Подкатило к горлу, и Аня чуть не расплакалась. Еле дождалась, пока Маша, громыхая тазом, выйдет вон, бросилась на свой диван, обняла подушку и уткнулась в жёсткую плотную материю. От неё пахло перьями, пухом и чем-то влажным, а ещё сладким, как будто луковой шелухой. «Хороши, на пару с бабкой воем», – сквозь слёзы подумала Аня и зашарила по карманам в поисках телефона. Набрала маму, пока шли гудки, проглотила рыдания.

– Алло? Анечка? Здравствуй, Анютка! Хорошо, что позвонила! Как ты там? Готовишь что-нибудь, успеваешь? Как в школе? Как голова твоя? Не болит?.. Только что Кирилл звонил. Довольный, как слон. Сказал, всё хорошо, завтра первый зачёт уже…

Аня вытирала глаза краешком подушки, улыбалась, успокаивалась. Если у Кирилла всё хорошо – значит, всё не зря… Значит, всё правильно…

– Ты-то как, Анюта? – ласково повторила мама, как будто вдруг оказавшись совсем рядом. – Как ученики? С домом устроилось? Совсем редко звонишь, а я боюсь – вдруг не вовремя со своими звонками…

– Да всё хорошо, мам. Устроилось с домом. Почти. Скоро мастер приедет из города, всё наладит. Там хорошо, мам. Просторно так, и яблони прямо в окна стучатся… В школе хорошо. Мне нравится. Ты Кирику передавай привет обязательно…

– Анечка… Ты…

– Что? Мам, говоришь что-то? Плохо слышу!

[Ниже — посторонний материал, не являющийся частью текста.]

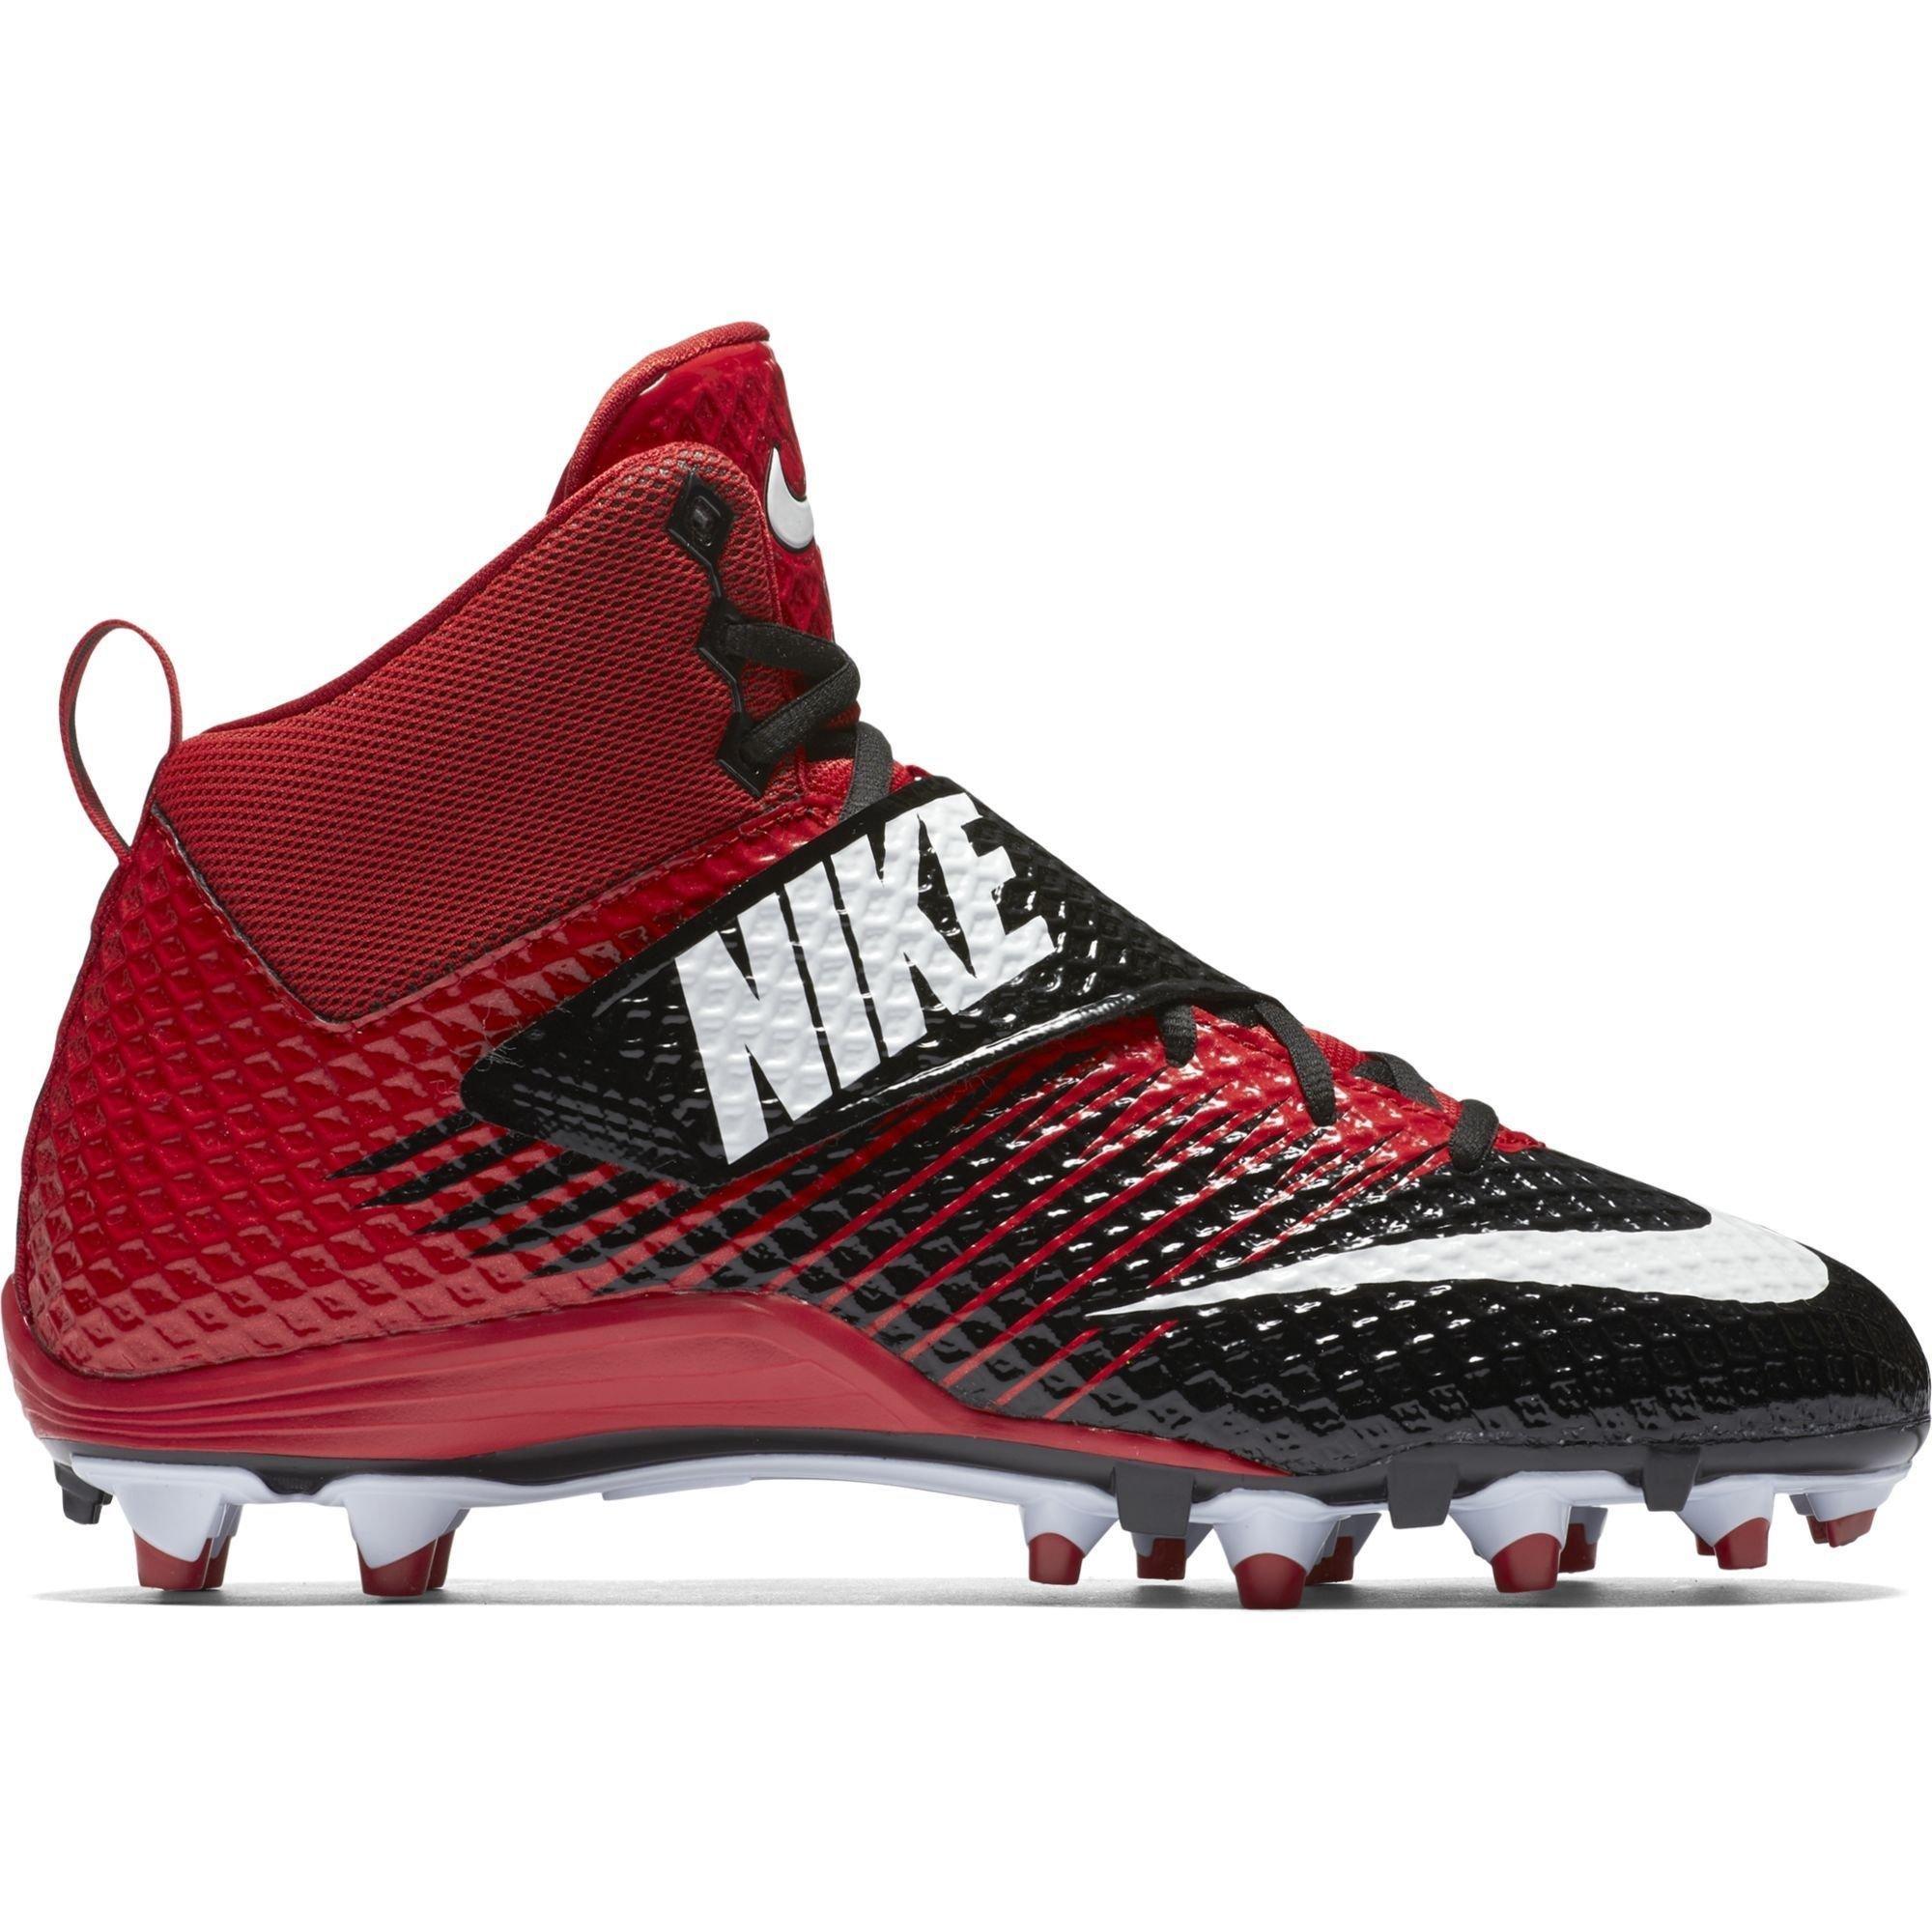 Nike Men's Lunarbeast Pro TD Football Cleat Black/University Red/White Size 10 M US

–…нечка… долго одна не гу…

– Мама! Связь плохая!

–…орожна… всякие ходят… даже в дере…

– Ничего не слышу, мам. Я найду завтра, где получше ловит. Я люблю тебя! Пока-пока…

Отключила вызов, опустила трубку.

Шипела и мигала одна из трёх ламп в пятерной люстре-колокольчике. Что-то напевала во дворе Маруська – было слышно через приоткрытую дверь. Ветер нёс из сеней и стелил по полу вечерний сквозняк.

Антонина закопошилась за шторкой, выглянула: сначала одну ногу спустила, потом вторую (Аня впервые обратила внимание, какие у неё тапочки: не тапочки даже, а домашние туфли, мягкие, но на каблучке, ни капли не старушечьи). Отдёрнула занавеску и посидела немного тихонько, сложив руки на коленях, как примерная первоклашка. Глаза у неё были ничуть не красные, только лицо – рассеянное, как будто смотрела она не на Аню, не на комнату, а куда-то вообще в другое пространство. И словно морщинок меньше сделалось.

Но вот загремела тазом Маруська, забормотало где-то вдалеке радио, протарахтел пазик, шедший последним субботним рейсом в Крапивинск. Антонина очнулась и бодро слезла на пол. Постукивая каблучками, подошла к Ане, села рядышком, приобняла за плечи.

– Взгрустнулось? Бывает, Анечка, бывает… Это хорошо, когда те, по ком грустишь, недалеко. Когда можно раз – и позвонить, и приехать. Не плачьте, Анечка, не надо. Незачем по ним плакать, по живым…

Бабка больше ничего не сказала, но конец фразы Аня услышала – как будто его в воздухе подвесили, плотный, едкий, как папиросный дым.

– Давайте я пойду Маше помогу, – сдавленно предложила она. – И посуду ещё не вымыла… Простите…

– Да что ты тут, служанка, что ли, чтоб мыть да помогать постоянно? – проворчала Антонина. – Шла бы просто погуляла. А то – дом-школа, дом-школа, как в тюрьму себя посадила.

– Всё в порядке, – отмахнулась Аня, вставая. – Спасибо вам… за понимание.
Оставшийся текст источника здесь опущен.